“Most people think that the vast majority of rental units, many of which are newer-build condos, are subject to rent control, when, in fact, they aren’t,” says Kevin Somers of Royal LePage. “I think that’s probably artificially keeping our rents a little bit lower than they could be.”
While rent-control increases for 2013 are set to be capped at 2.5% for Ontario and 3.8% for B.C., newer-build condominiums in the former are largely exempt from those limits, something not all investors know.
“I think part of the challenge is that a lot of current smaller investor-owners aren’t aware of the permutations of the Residential Tenancies Act in terms of the latitude they have to increase rents beyond rent control,” says Somers.
That ignorance comes at a cost to the bottom-line of many investors, increasingly dependent on rental increases to meet cash flow expectations.

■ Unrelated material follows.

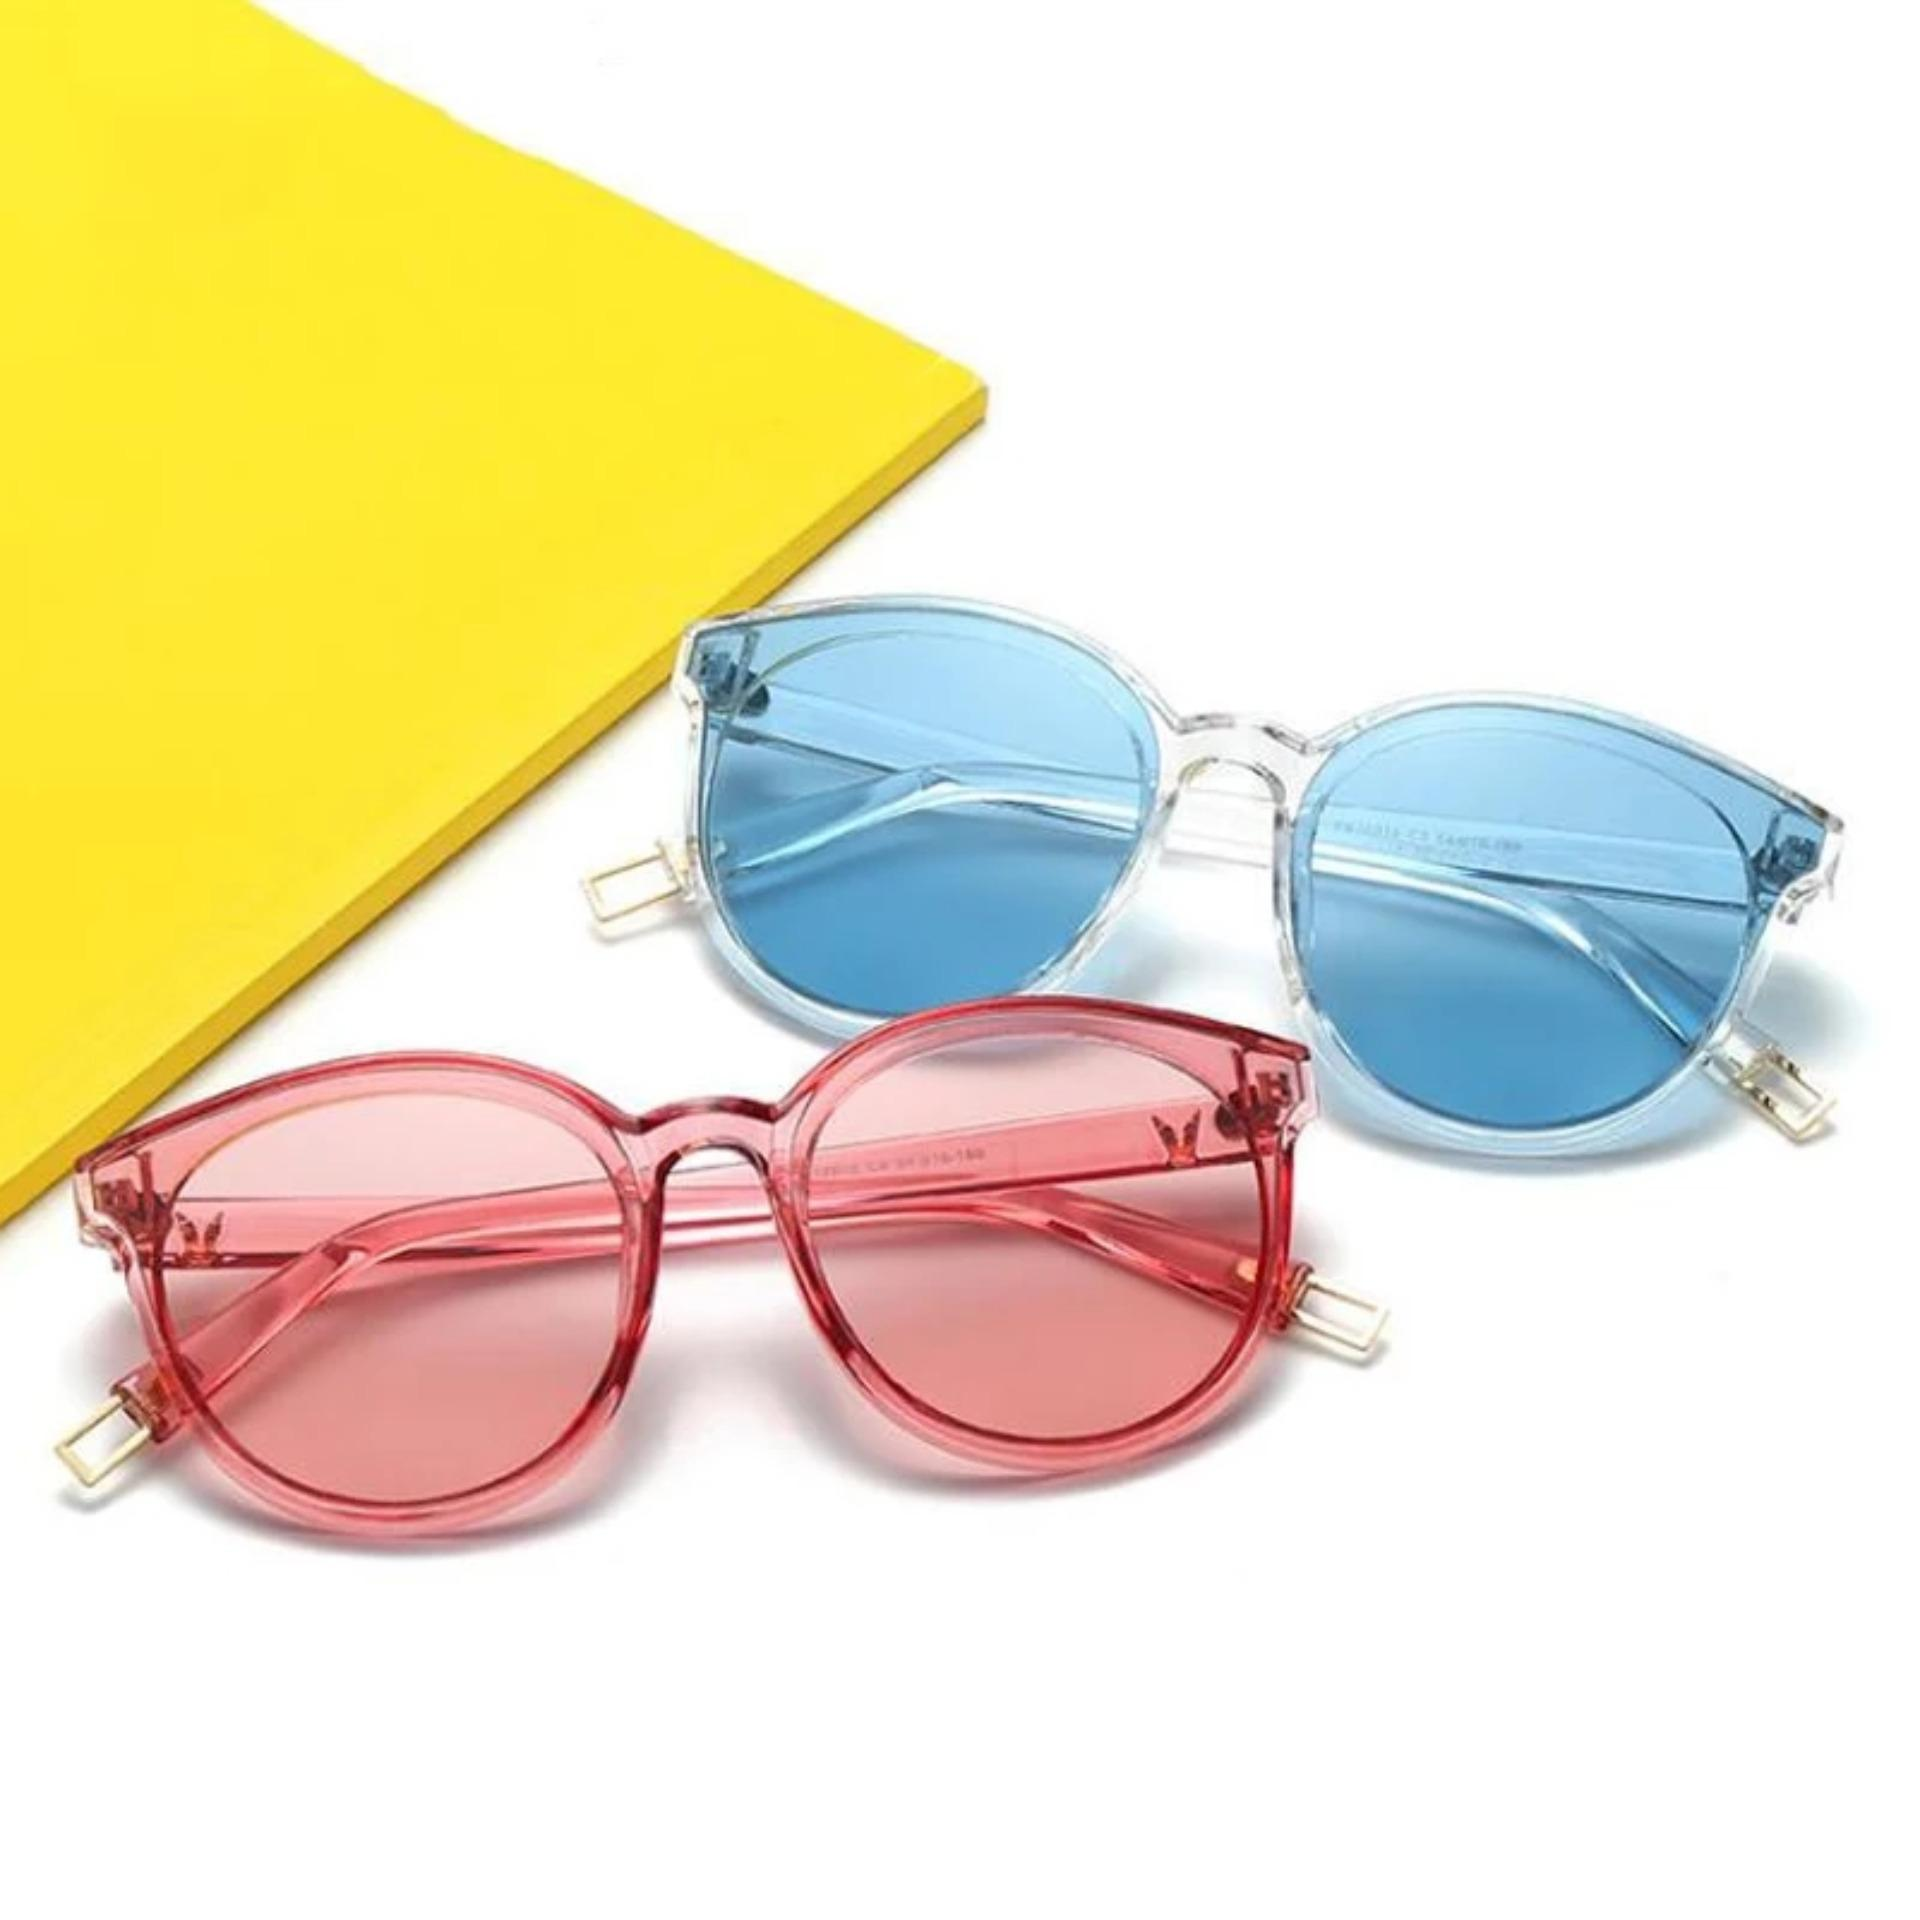 Timely - Ladies Fashion Cat Eye Korean Sunglasses 07889 - Kacamata Fashion  Wanita abc9b3dffd

“We’re getting to a point right now where a lot of these small investors are counting on the financing costs of carrying their units being offset, if not almost entirely, by the rents they can command,” says Somers. “The market, overall, given rent control, is getting close in some places where that might not be feasible, especially as mortgage rates increase.
“So, some of these small investors are potentially getting caught in a bit of a squeeze.”
It may fall to their real estate professionals to keep them out of that crucible, says Somers.
“Brokers should be engaging in an active dialogue with their clients around what is and isn’t acceptable from a Residential Tenancies Act point of view,” he says, “We’re always trying to act in our clients’ best interest relative to commanding what the market will bear for them as a return on their investment.”